In a Fast Company article about Boing Boing (I haven’t read the whole article yet but this jumped out at me and I really need to write about this):
“It isn’t that Pescovitz doesn’t understand what the blog business has become; he just figures that however it works now is anathema to what’s made Boing Boingpopular in the first place. The editorial policy is just what it’s always been: The principals post whatever they want, whenever they feel like it. They don’t bother to copyedit in advance, let alone vet or discuss one another’s contributions. “
People who think like I do (only better, to be sure), and they make money from it. Now if only they wanted to bring me on as partner because they want content on fashion, reality TV and people who are wrong. What? That’s not going to happen?
I’m probably going to be more honest than I should right now…
I think things have changed for my blog here (internally here, not “out there”) and I’m not really sure that people get why I do this, or care about it right now (no violins folks…I’m just trying to think through priorities at work and in life). It’s no longer part of my job description and I have to admit that this makes me a little sad. Yeah, the whole metrics thing…it’s really hard to integrate my feelings on content with a metrics driven organization like staffing…<sigh>. It’s how it is. Not just here but almost everywhere. I’m not sure my writing here is relevant anymore.
I’ve been tossing this around in my brain for a while: since I’m blogging less about “careers at Microsoft” and I’m not getting the sanctioned vibe, do I take this offline? I mean, do I take this offline here and put it online elsewhere? Not the Microsoft-specific stuff, by my opinions on things, including career-related topics and dumb stuff other people do. If someone walked into my office right now and told me that I should be doing this for Microsoft, I wouldn’t be thinking about this. I’m just wondering if my legacy posts stand on their own (which is great), and I should take my opinions, and writing stuff from the heart, and make it “officially” a personal activity. I love writing, so I wouldn’t be going far.
And I am not trying to bait comments.

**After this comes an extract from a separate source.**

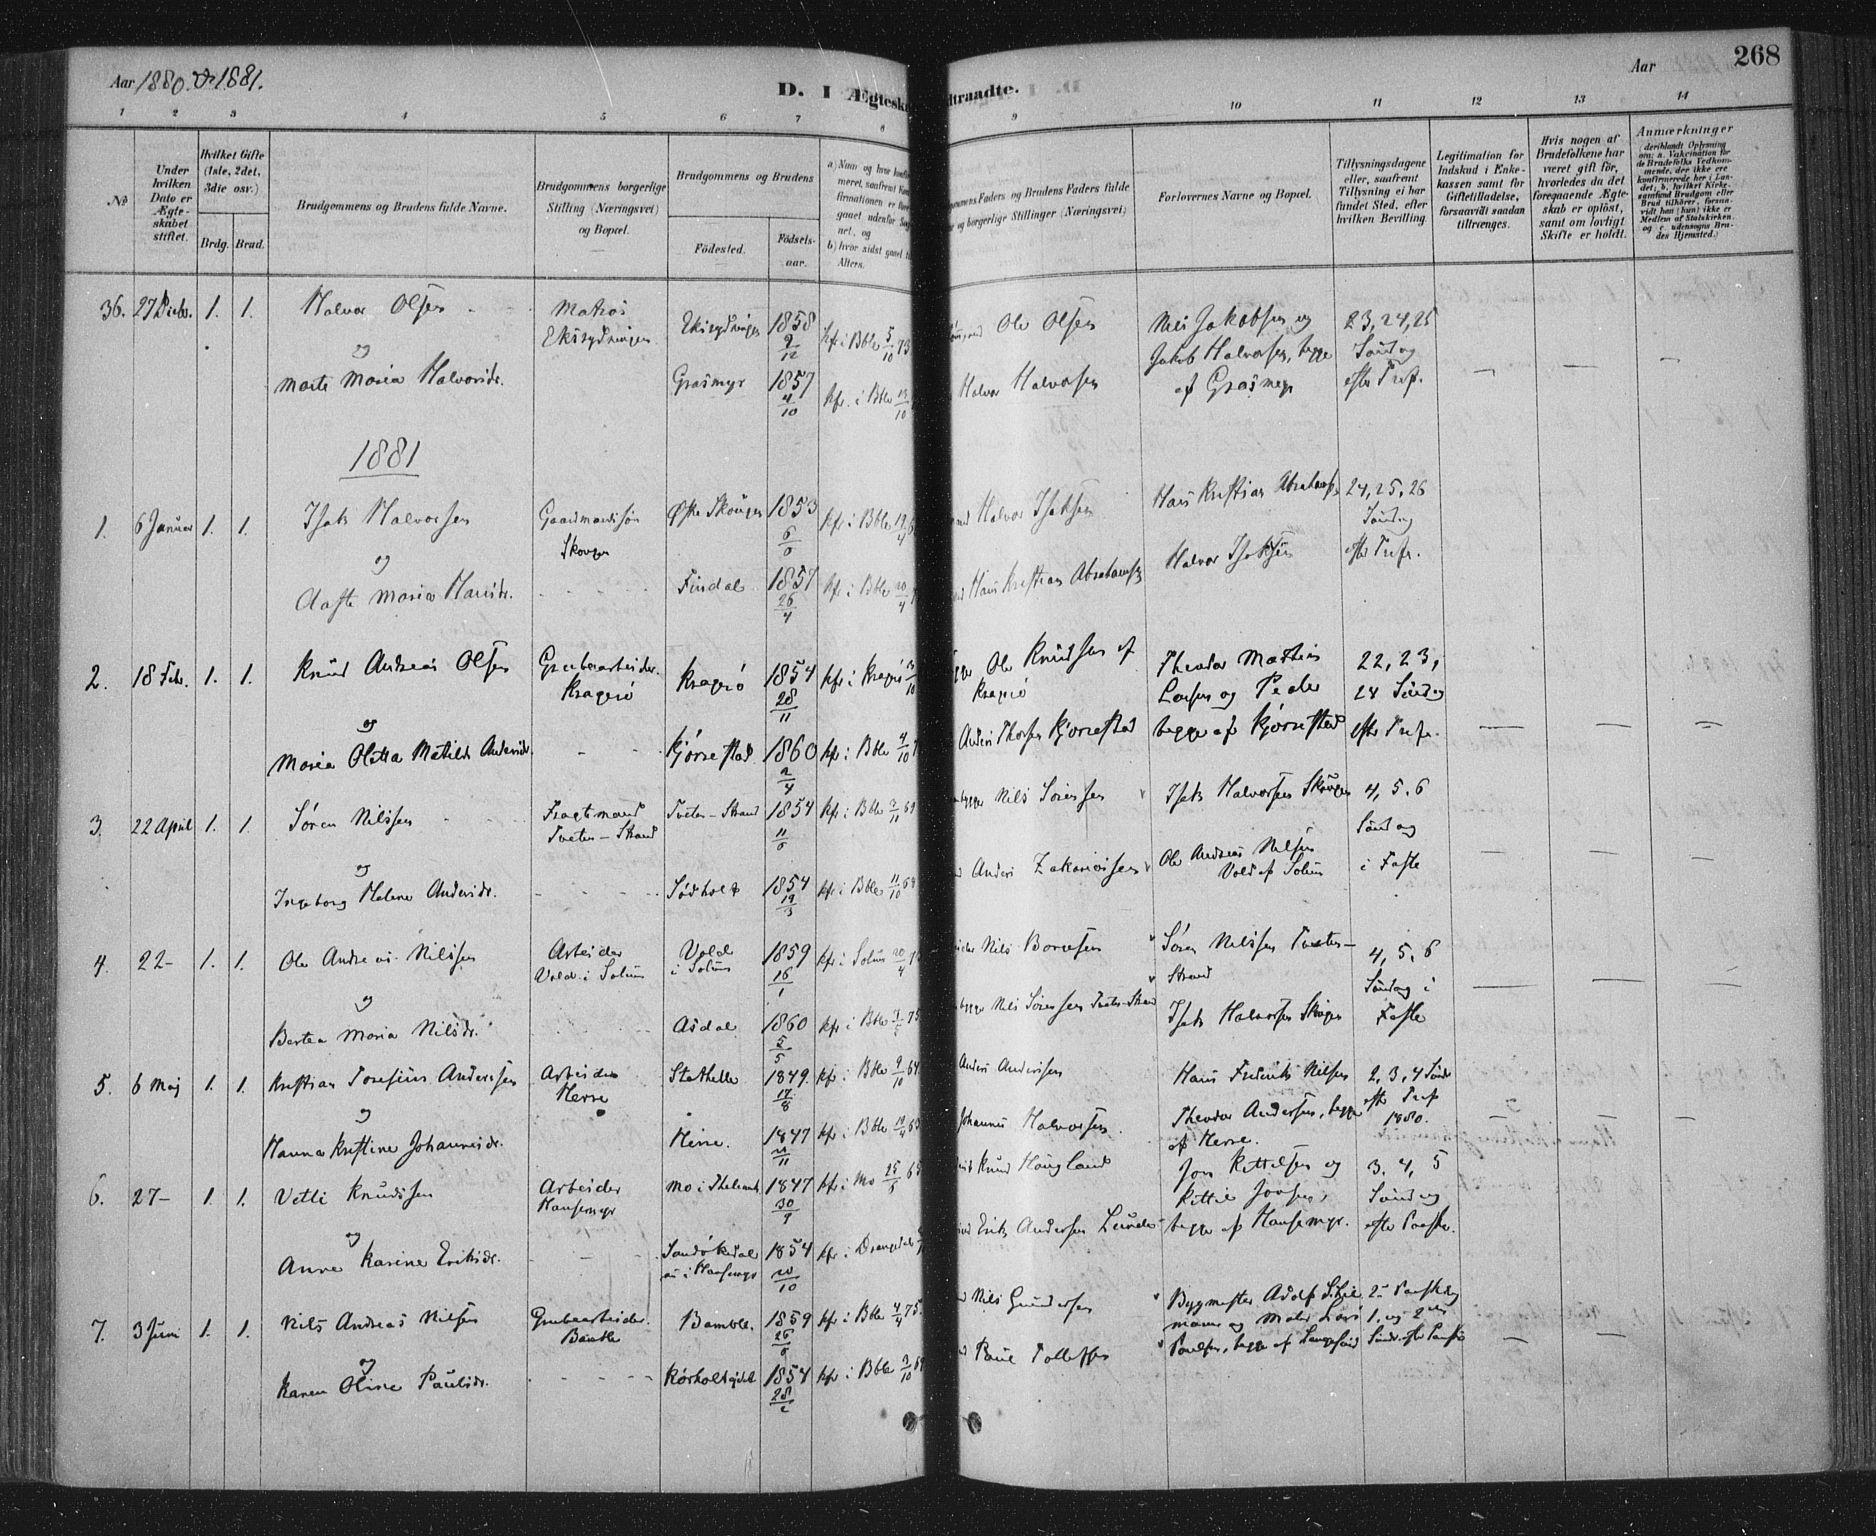 SAKO, Bamble kirkebøker, F/Fa/L0007: Ministerialbok nr. I 7, 1878-1888, s. 268

It’s just that I am thinking that maybe I have some other priorities to focus on at work that don’t really have anything to do with the blog (which requires a little more care and feeding than I have been able to give it lately) so I may need to make this a personal activity. Don’t go away though. No final decisions have been made…I don’t want to be overly dramatic. I just want to be smart about what I am spending my time on at work and what hole this blog would fill for me personally if I made the change. This has been on my mind for a while…it may be time to get to a decision.
No sugar coating. No whining. Time to get real. Life is about decisions and after 6.5 years of /heatherleigh, this is one I need to make.